Этот разговор сделал на Черепова неприятное впечатление. Ему больно было слушать, что к той, кого он чтил столь высоко, люди относятся так легко, так шутливо, что этому поеденному молью облезлому старцу может же вдруг прийти оскорбительная мысль сделать ей предложение. Но больнее всего кольнуло его в сердце известие о намерениях юного генерал-адъютанта. Нарышкин, по-видимому, говорил совершенно серьёзно и столь положительно, что с этой стороны Черепов почувствовал серьёзную опасность. Нелидов молод, красив, умён, образован; один из первейших любимцев государя; пред ним впереди ещё более блистательная карьера – при таких условиях что препятствует ей отдать ему руку и сердце?
С пылающей головой и щемящим, тоскливым чувством в душе вышел Черепов из Английского клуба и быстрыми шагами бесцельно пошёл по тускло освещённым московским улицам. Он шёл, не глядя, куда идёт, и ничего не замечая ни пред собой, ни около себя. В голове его вертелась в каких-то туманных обрывках всё одна назойливая мысль, центром которой была графиня Елизавета и рядом с нею этот ненавистный, но прелестный Нелидов; в сердце подымалась то злоба, то горечь и слёзы, и казалось ему порой, будто земля ускользает из-под его ног, и вместе с нею ускользало всё его счастие и дымом разлетались мечты и надежды.
XVIII
МАСОНСКАЯ ЛОЖА
Двор и гвардия вернулись в Петербург, где обыденная жизнь того и другой вошла в свои колеи, резко и твёрдо обозначенные для них императором ещё с первых дней его воцарения. Черепов надеялся, что после московских торжеств и праздников графиня Елизавета Ильинишна, почувствовав себя опять среди своей мирной и тихой домашней обстановки, захочет несколько отдохнуть от светского рассеяния, более сосредоточиться в самой себе и тогда – «авось-либо и про нас, грешных, вспомнит, авось-либо станет по-старому уделять долю своей дружелюбной внимательности и – как знать! – быть может, теперь-то и заметит, что она весьма не чужая моим сердечным чувствованиям». Так думал и надеялся Черепов, но – увы! – мечты его пока ещё не оправдывались на деле: графиня Елизавета при встречах была с ним и приветлива, и любезна, но под этой любезностью как-то не чувствовалось той простоты и задушевности, какая была в ней прежде. Ему казалось, будто она в отношении его всё ещё находится в тумане той рассеянности, в которой находилась всё время московских празднеств, и он с болью в душе сознавался себе, что эта рассеянность чуть ли не выражает собой полнейшего равнодушия к нему. Так казалось Черепову, и потому состояние внутренней затаённой тоски почти не покидало его. Все товарищи и приятели не без сожаления замечали промеж себя, что он положительно изменился.

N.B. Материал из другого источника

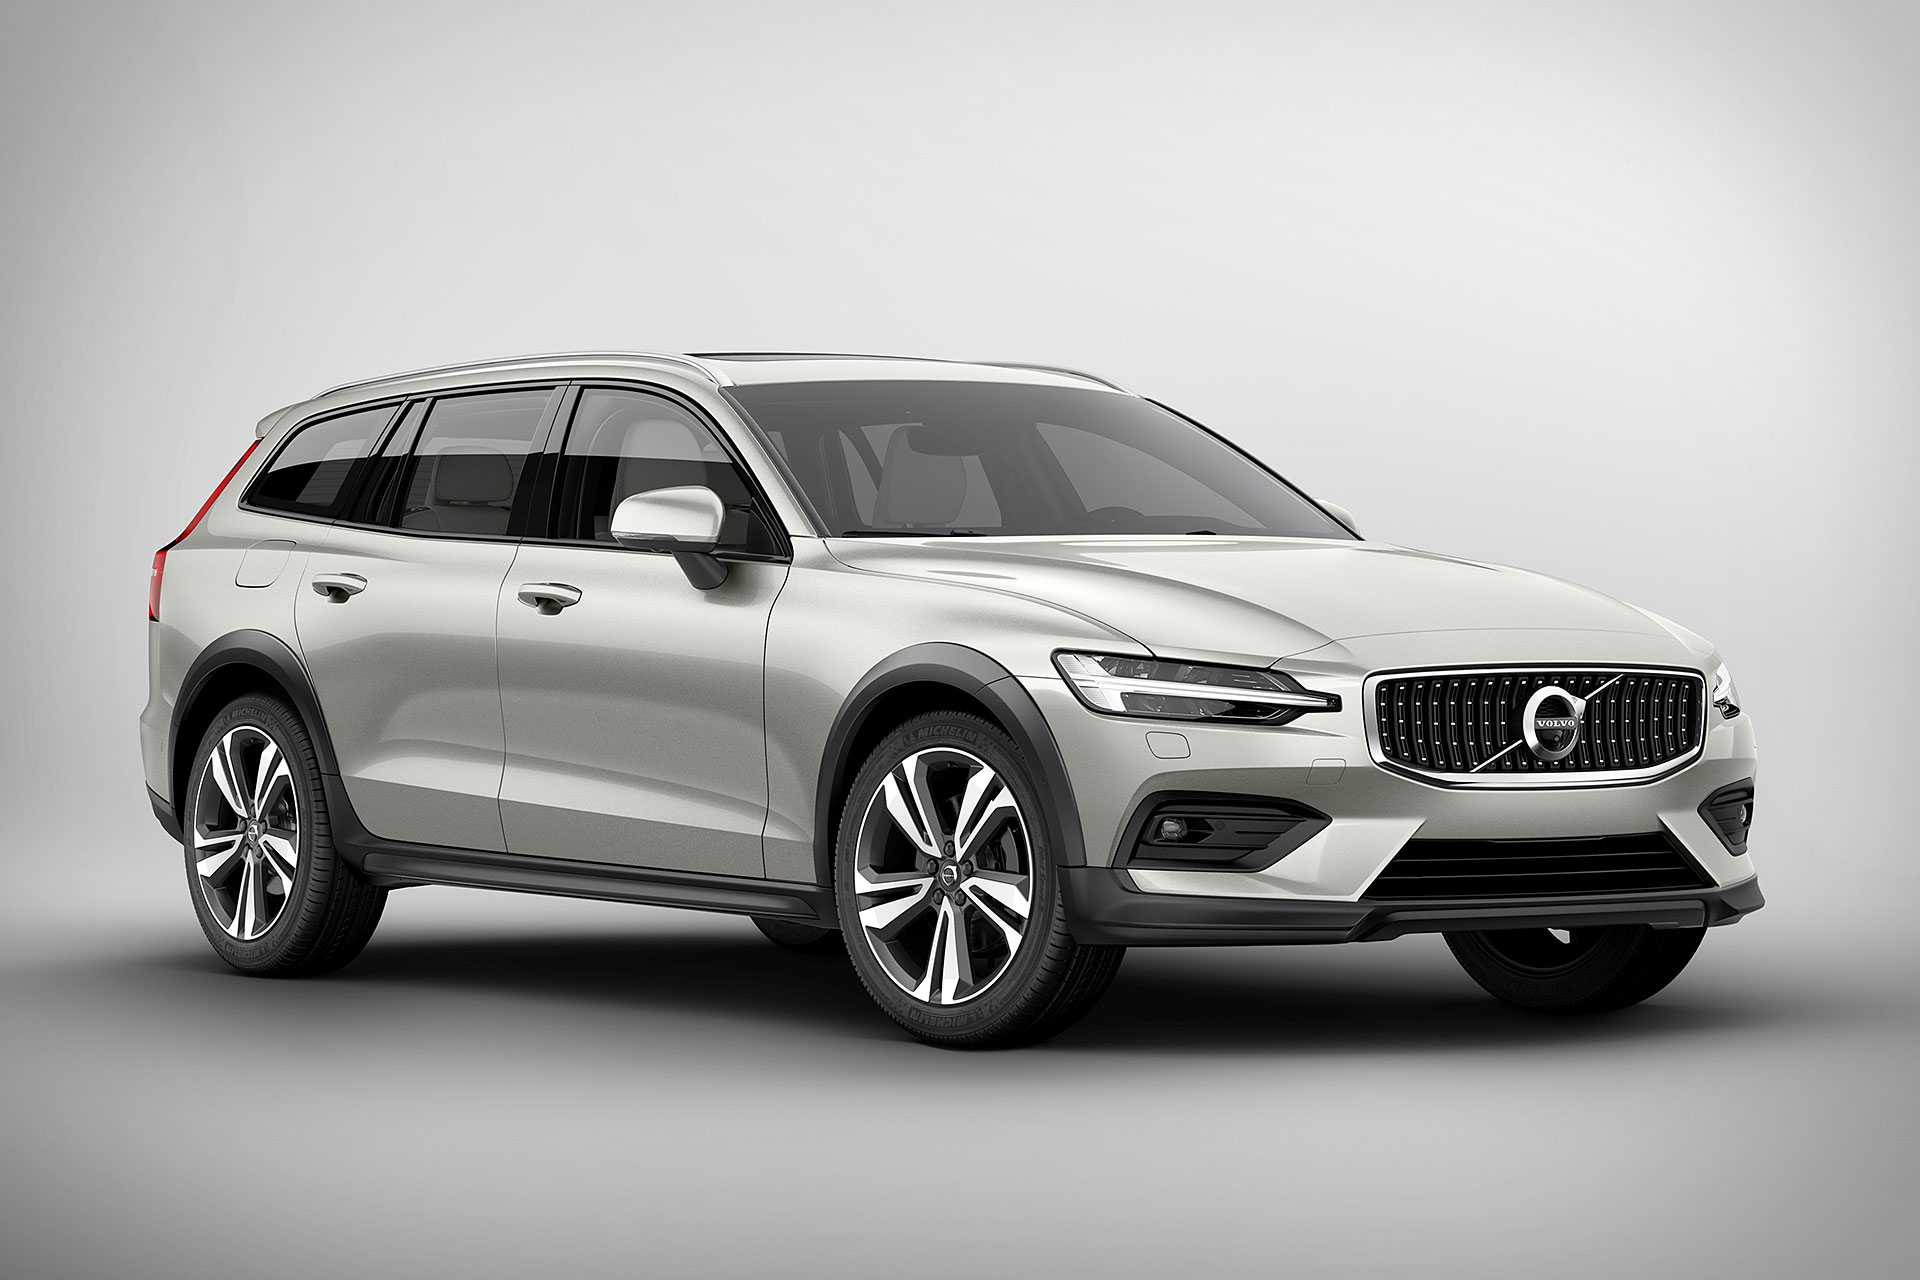 2019 Volvo V60 Cross Country Wagon | Uncrate

Однажды как-то после «вахтпарада» заехал к нему по дороге один из его добрых знакомцев, некто гвардии капитан Гвоздеев, человек пожилой и солидный.
Черепов приказал подать закуску, после которой приятели разговорились, и беседа их незаметно приняла характер задушевности.
– Скажите, сударь мой, – говорил Гвоздеев, прохаживаясь с ним по комнате, – все мы, наши друзья-приятели, примечаем, что вы досконально преобразовались как-то, стали вовсе не тот что прежде, словно у вас докука некая в сердце… Ежели то с моей стороны не назойливо и вам не претит скажите, как другу… быть может, у нас явится возможность помочь, облегчить или, по крайности, хотя посоветоваться вместе.
– Да как вам сказать!.. Просто скверно живётся на свете, – пожал плечами Черепов.
– Вам ли то молвить!.. Вы, который лично известны государю, и он до вас столь милостив, служебная карьера вам улыбается, состояньишка, слава Богу, хватает, из себя молодец и добрый малый, любим и уважаем товарищами, – чего вам более?..
– Всё это так, да здесь-то вот неспокойно, – сказал Черепов, указав на сердце.
– Аль зазнобушка?.. Ну что ж!.. Это в натуре вещей: годы ваши такие, и коли любите, то эта неспокойность тем паче на благо вам, сударь.
– Да, хорошо любить, коли и вас взаимно любят… Но не в том сила… Отчасти, коли хотите, есть и это, а отчасти и другое нечто… сумненья, и мало ли что…
– Сумненья? – серьёзно повёл бровью Гвоздеев, – в чём же сумненья-то? В себе ли, в жизни или в верованиях?
– Всего бывает порой, – проговорил Черепов, как бы вдумываясь и вглядываясь внутрь самого себя. – Но опять-таки не в этом главная сила, – продолжал он, – а в том, что просто скука давит, пустота вокруг какая-то, неудовлетворённость моральная… Чувствую, что не хватает чего-то, и живо чувствую, а чего – и сам не знаю, уяснить не могу себе. Но порой такие минуты находят, что, кажись, на всякую отчаянность, на всякое сумасбродство пошёл бы со всей охотой, очертя голову, лишь бы забыться!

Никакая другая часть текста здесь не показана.